WHAT YOU HAVE TO DO:
Set the material down again exactly, line by line, skipping each picture.

DATA PROVIDED:
• • • •
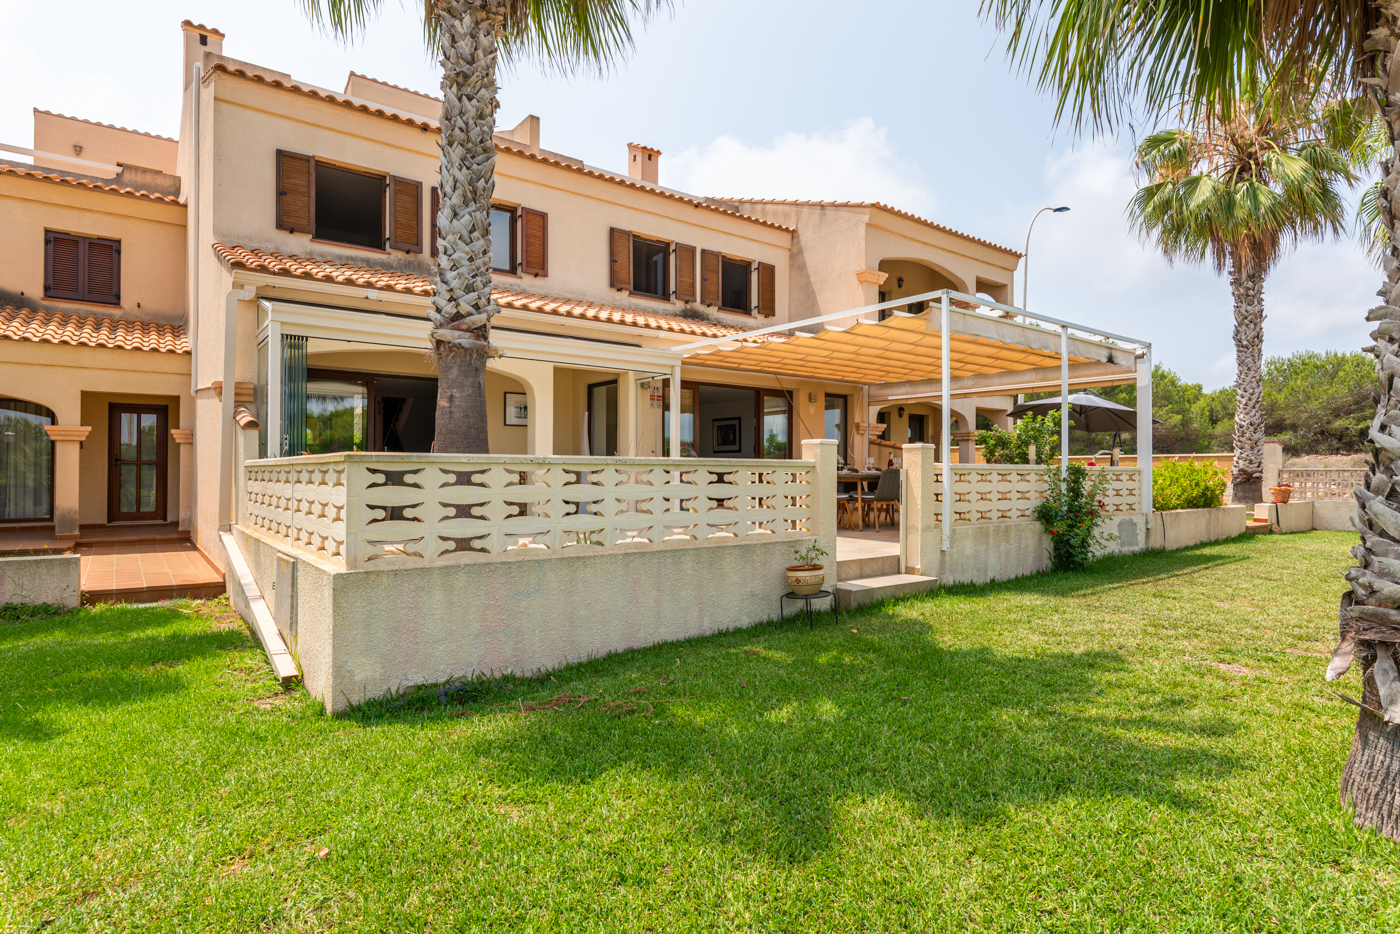 4 bedroom house / villa for sale in Gran Alacant, Costa Blanca
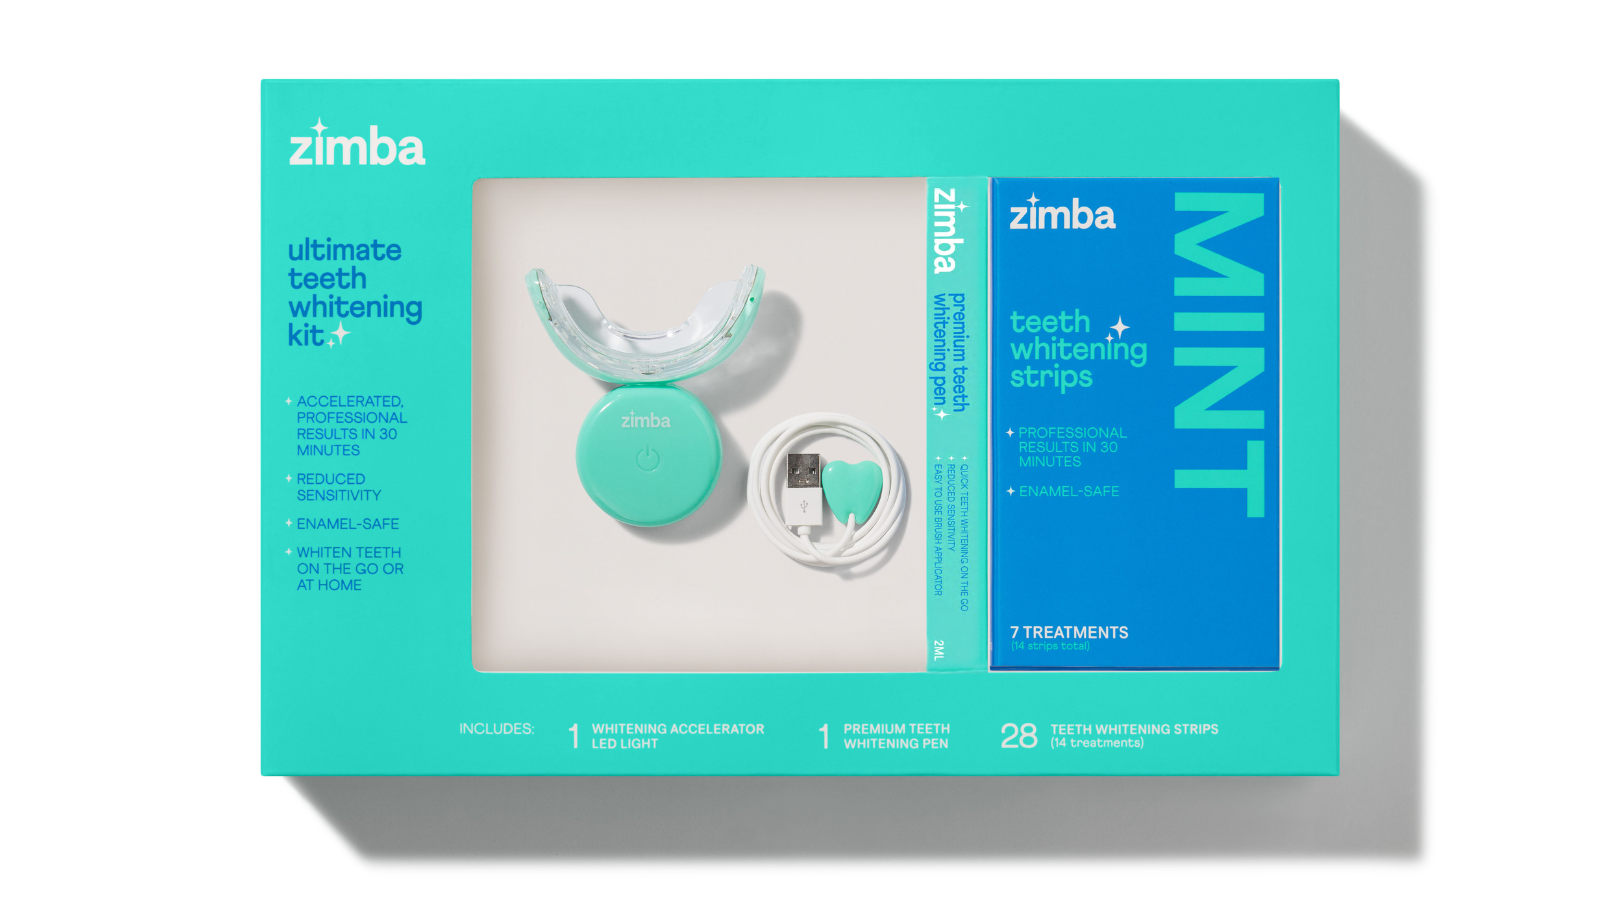 Teeth whitening methods: Home kits by Zimba
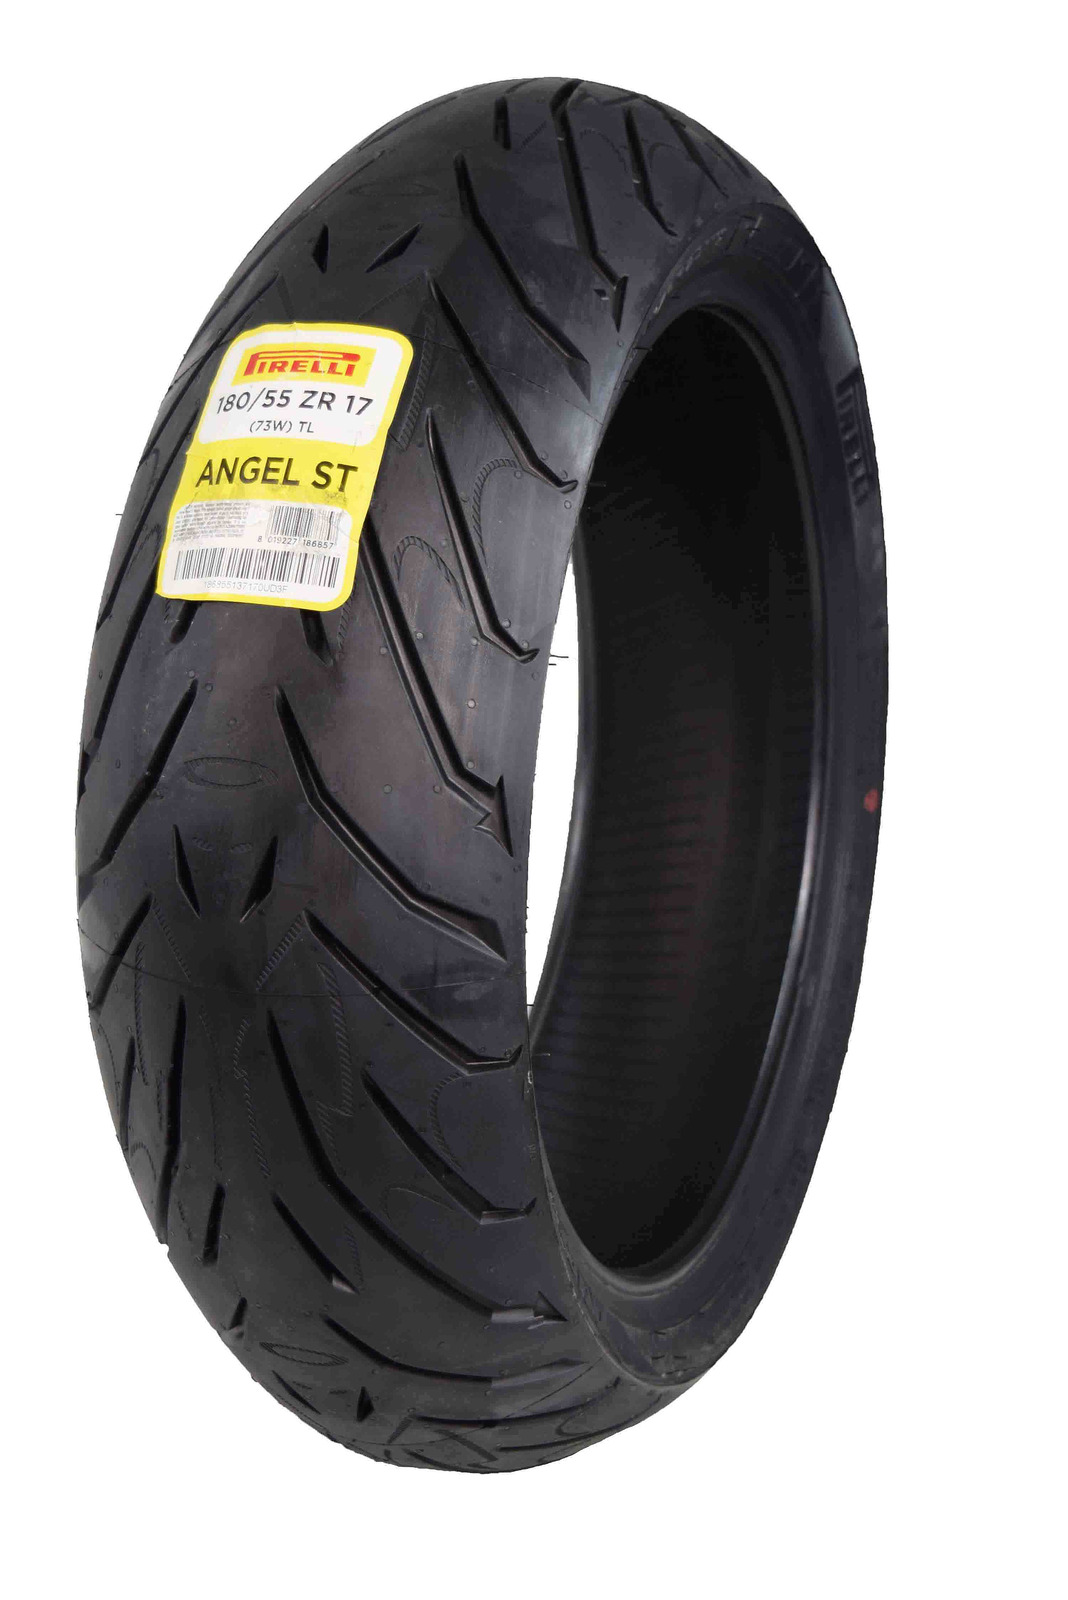 Pirelli Angel ST 180/55ZR17 Rear Sport Touring Motorcycle Tire  180/55-17 Single
• • • •
RESPONSE BOX:
 4 bedroom house / villa for sale in Gran Alacant, Costa Blanca
 Teeth whitening methods: Home kits by Zimba
 Pirelli Angel ST 180/55ZR17 Rear Sport Touring Motorcycle Tire  180/55-17 Single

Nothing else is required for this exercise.